### WHAT YOU ARE ASKED TO DO
Please find every line below that includes "Pack" and report how many there are. Nothing else is needed.

Items listed in a dataset:
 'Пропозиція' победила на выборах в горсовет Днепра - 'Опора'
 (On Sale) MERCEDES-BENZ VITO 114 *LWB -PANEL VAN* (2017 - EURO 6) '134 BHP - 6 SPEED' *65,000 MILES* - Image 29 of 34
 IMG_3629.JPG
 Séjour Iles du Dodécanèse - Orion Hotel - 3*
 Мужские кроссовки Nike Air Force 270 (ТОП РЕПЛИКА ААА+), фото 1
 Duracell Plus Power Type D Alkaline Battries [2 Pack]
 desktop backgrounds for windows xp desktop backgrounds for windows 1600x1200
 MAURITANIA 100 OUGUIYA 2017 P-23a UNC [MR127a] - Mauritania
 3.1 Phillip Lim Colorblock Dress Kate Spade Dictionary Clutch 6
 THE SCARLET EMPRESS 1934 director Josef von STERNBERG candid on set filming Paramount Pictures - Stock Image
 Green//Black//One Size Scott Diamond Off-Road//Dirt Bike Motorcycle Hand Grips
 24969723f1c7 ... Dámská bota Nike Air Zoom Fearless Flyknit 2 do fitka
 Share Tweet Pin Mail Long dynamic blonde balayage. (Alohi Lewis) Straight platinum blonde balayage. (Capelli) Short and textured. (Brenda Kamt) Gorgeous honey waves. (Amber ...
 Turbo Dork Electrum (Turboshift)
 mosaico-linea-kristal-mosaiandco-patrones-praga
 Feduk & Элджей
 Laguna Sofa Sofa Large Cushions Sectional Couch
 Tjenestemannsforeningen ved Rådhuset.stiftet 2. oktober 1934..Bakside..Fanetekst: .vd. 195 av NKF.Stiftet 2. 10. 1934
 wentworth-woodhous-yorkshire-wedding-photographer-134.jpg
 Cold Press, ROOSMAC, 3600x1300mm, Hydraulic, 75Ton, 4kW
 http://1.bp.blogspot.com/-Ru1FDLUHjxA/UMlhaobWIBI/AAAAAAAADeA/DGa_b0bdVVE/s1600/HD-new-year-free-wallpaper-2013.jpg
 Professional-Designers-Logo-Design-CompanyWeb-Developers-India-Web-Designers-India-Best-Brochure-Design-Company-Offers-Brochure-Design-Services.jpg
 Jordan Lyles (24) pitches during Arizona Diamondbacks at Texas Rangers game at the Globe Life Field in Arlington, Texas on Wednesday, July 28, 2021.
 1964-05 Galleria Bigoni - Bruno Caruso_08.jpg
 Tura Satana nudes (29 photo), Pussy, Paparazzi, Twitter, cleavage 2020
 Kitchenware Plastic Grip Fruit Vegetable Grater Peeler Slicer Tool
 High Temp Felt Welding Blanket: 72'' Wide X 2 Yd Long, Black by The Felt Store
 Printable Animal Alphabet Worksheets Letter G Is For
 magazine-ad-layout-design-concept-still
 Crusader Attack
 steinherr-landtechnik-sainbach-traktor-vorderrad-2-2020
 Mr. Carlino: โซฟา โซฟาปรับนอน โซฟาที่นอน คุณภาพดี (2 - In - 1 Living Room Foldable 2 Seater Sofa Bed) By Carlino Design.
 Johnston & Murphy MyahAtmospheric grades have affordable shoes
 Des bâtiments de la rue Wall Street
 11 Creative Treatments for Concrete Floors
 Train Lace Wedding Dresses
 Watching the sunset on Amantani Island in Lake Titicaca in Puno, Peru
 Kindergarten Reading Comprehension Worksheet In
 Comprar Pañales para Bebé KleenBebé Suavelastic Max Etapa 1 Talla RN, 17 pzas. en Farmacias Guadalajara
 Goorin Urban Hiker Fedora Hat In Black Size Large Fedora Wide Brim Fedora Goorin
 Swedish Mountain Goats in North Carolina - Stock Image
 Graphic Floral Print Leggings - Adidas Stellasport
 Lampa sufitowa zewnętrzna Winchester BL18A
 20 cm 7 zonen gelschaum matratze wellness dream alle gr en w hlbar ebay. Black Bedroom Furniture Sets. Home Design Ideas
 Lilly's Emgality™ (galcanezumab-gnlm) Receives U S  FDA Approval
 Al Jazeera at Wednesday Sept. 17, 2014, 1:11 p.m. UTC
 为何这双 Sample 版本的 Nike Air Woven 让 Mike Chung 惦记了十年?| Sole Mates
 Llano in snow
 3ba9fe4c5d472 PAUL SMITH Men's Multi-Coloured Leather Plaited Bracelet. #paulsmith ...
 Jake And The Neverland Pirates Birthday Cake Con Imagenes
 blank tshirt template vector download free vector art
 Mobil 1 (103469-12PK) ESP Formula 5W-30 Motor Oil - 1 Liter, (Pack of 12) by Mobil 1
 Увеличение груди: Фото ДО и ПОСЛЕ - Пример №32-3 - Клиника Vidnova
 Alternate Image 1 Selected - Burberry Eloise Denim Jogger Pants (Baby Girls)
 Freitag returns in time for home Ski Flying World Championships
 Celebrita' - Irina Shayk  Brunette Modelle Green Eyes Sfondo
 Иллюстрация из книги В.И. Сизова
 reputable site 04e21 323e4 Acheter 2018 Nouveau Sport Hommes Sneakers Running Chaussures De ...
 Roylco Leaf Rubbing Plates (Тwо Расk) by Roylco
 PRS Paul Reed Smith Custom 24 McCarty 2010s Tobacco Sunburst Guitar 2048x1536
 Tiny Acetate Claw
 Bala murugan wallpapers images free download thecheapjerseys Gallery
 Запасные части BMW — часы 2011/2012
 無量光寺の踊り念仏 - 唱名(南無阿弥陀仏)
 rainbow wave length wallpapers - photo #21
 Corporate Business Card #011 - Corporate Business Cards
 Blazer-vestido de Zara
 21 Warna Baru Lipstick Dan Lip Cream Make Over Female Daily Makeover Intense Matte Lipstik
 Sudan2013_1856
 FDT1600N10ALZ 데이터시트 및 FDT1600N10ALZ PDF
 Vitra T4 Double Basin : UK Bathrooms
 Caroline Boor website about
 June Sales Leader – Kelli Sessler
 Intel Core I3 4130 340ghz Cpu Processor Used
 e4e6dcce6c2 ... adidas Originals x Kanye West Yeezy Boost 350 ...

### RESULT BELOW
2